X「ふん……いちいち嘘だの本当だの。無駄なんだよ、そんな考え」


D「何だとぉ!」


X「だってそうだろう? 貴様らはどうせ死ぬ。俺のクロス・シザースに切り裂かれてな……!」


A「くっ……! 非道な……!」


E「……ぅ……」


B「っ! E! まだ息があるわ!」


C「おいマジか! E、しっかりしろ!」


E「み……みんな……」


A「喋るな、E。……出血量がひどい。……おまえはもう助からない」


D「何言ってんだよA! 助けなきゃ! 僕たち、仲間でしょ!?」


A「助けたいさ!! おれだって!!」


B「A……」


A「……いま、Xが脅威だ。おれたちはこれからXを倒し、魔王をも打ち破らなくてはならない。そのためにも……Eのためにも! 残されたおれたち4人で、Xを倒す!」


C「……!」


E「ま……ま、て……A……」


A「いくぞ! B、C、援護を頼む! おれとDで奴に攻撃を」


E「A……! オレを襲ったのは……! おまえの後ろにいる奴だ!」


A「!」

 「……?」

 「な、ん……? ガフッ……」

 「な……ぜ……」

 「だ……」

 「…………D……」


D「…………。」


A「――――――」


C「お……おい!? D、何やってる!?」


B「D!? どうして!? Aを……背後から。……私たちに……嘘を、ついていたの?」


D「……。」

 「僕はさぁ……」

 「思うんだよね。」

 「世の中、出し抜いたもん勝ちだ、ってさ……」


C「おいおい……おいふざけんなよ……!?」


X「仲良しごっこは終わりか、D?」


D「はい、Xさん。つまらない連中でした」


X「フン。しょせん心はまがいもの。他者を信頼するだけ無駄というわけだ。……さて、〝特記戦力〟のAとEは死んだ。残りは雑魚だ、捨て置くぞ。戻ろう。玉座で〝王〟がお待ちだ」


D「はい」


C「おい待てよDっ! 仲間だろ! 一緒に戦ってきただろうが! 裏切るの、かよ……!」


B「そうよ! Aに憧れて騎士団に入ったって言って……立派な騎士になりたいって目を輝かせた、あの意志は嘘だったの!?」


D「ああ。僕は嘘つきさ」


B「Dは……あなたは最低の……詐欺師ね……」


C「D……! 嘘まみれ野郎が……!」


X「滑稽だな。俺からすれば、A~Eだけでなく人間は全員嘘つきで、正直者など、ひとりもいない」


D「行きましょう、Xさん」


X「ああ」


B「ま……待って! 待ちなさい! あ……」


C「き、消えた……跡形もなく……」


B「う、うぅぅ……! A、E! お願い、目を覚まして!」


A「――――――」


E「――――――」


B「……ひぐ、ひっぐ……うぅぁぁ……」


C「っ! おい、泣くなB! 見ろ、Aにはまだ意識があるぞ!」


B「……! A!」


A「おまえ、たち……」


B「何でも言って、A! 私たち、あなたが助かるなら何でもするわ! 本当よ!」


A「はやく……Dを追え……」


C「わかってるぜ、A。だけど、まずはあんたとEが助かる道を……」


A「D、は……」

 「Dは嘘をついている」

 「大きな、嘘を……」


B「そ、そうよ……あの子は嘘つきの詐欺師だったのよ」


A「ちがう」


C「え?」


A「よく見ろ、Eを……」

 「Eはただの仮死状態だ。あの一瞬で、Dに仮死薬を投与されたんだ」

 「おれもそうだ。背後から刺されたと思った時、殺気を感じなかった。
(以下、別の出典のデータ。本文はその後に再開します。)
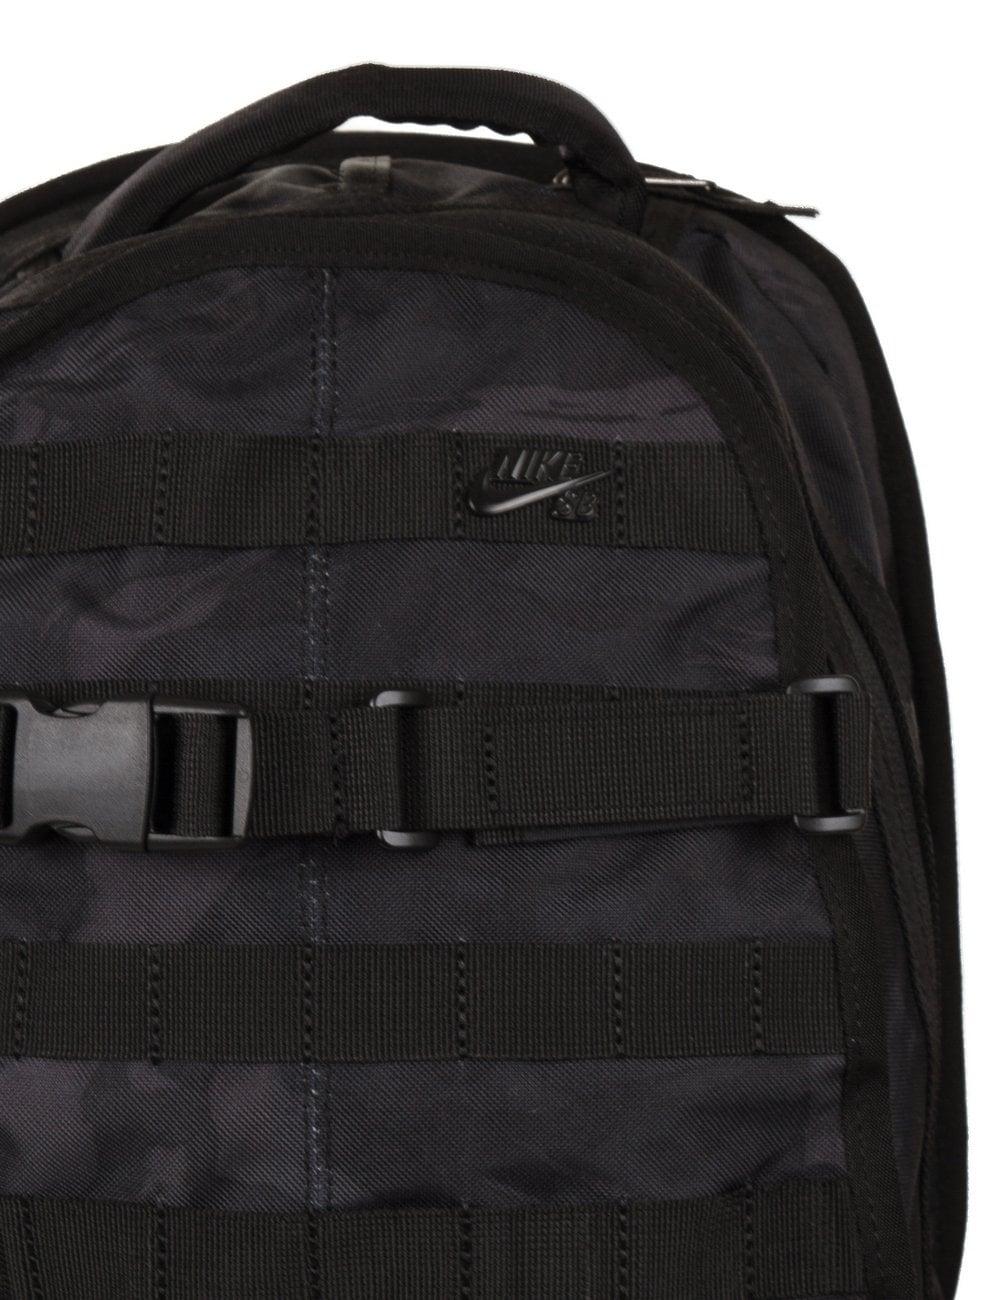 c8caeb04d80e nike sb rpm backpack sale

この血も、魔術で見せかけているだけだ」

 「Dにやられて、わかったんだよ。おれとEの状況が……」


B「それって……」


C「AもEも、助かるってことか!」


A「あいつはいま、心で泣いている。」


B「……!」


C「…………。」


A「Dを救ってやってくれ」

 「B。C。おまえたちならできる」

 「おれはふがいない隊長だが……」

 「信じることはできる。」

 「嘘でも、まがいものでもない、B~Eの心を信じている……」

 「…………――――――――――」


B「A……わ、私……」


C「……行くぜ、B。仮死薬なら、こっちの薬を飲ませて30分もすれば動けるくらいに復活するはずだ」


B「……そうね。追いましょう。魔力の痕跡を辿るわ。……D。あの子は……」


C「きっと大丈夫さ。これまでだってそうだった」


B「そうね。それに、一言がつんと言ってやらないと気が済まないわ」


C「おいおい、あんたのは一言どころじゃねーだろ?」


B「千言がつがつがつんと言ってやるわ!」


C「っしゃ! 待ってろよ、D! そしてXと、魔王は――――」


B+C「絶対に、倒すっっ!!」




 Aさん~Eさんの中で4人は正直者で、1人が嘘つきです。BさんとCさんは疾風魔術により毎分800mの速さで20km先の魔王城へと出発しました。その後、30分後にAさんとEさんは仮死状態から抜け出して毎分2000mの速さでBさんとCさんを追いかけました。魔王城の最上階・玉座の間にて魔王を罠に嵌めて殺害し、その邪悪なるチカラを取り込んだXさんに弄ばれて満身創痍のBさんとCさんのもとへAさんとEさんが追いつきふたりが激昂するその時、世界崩壊へのカウントダウンは残りいくつでしょう?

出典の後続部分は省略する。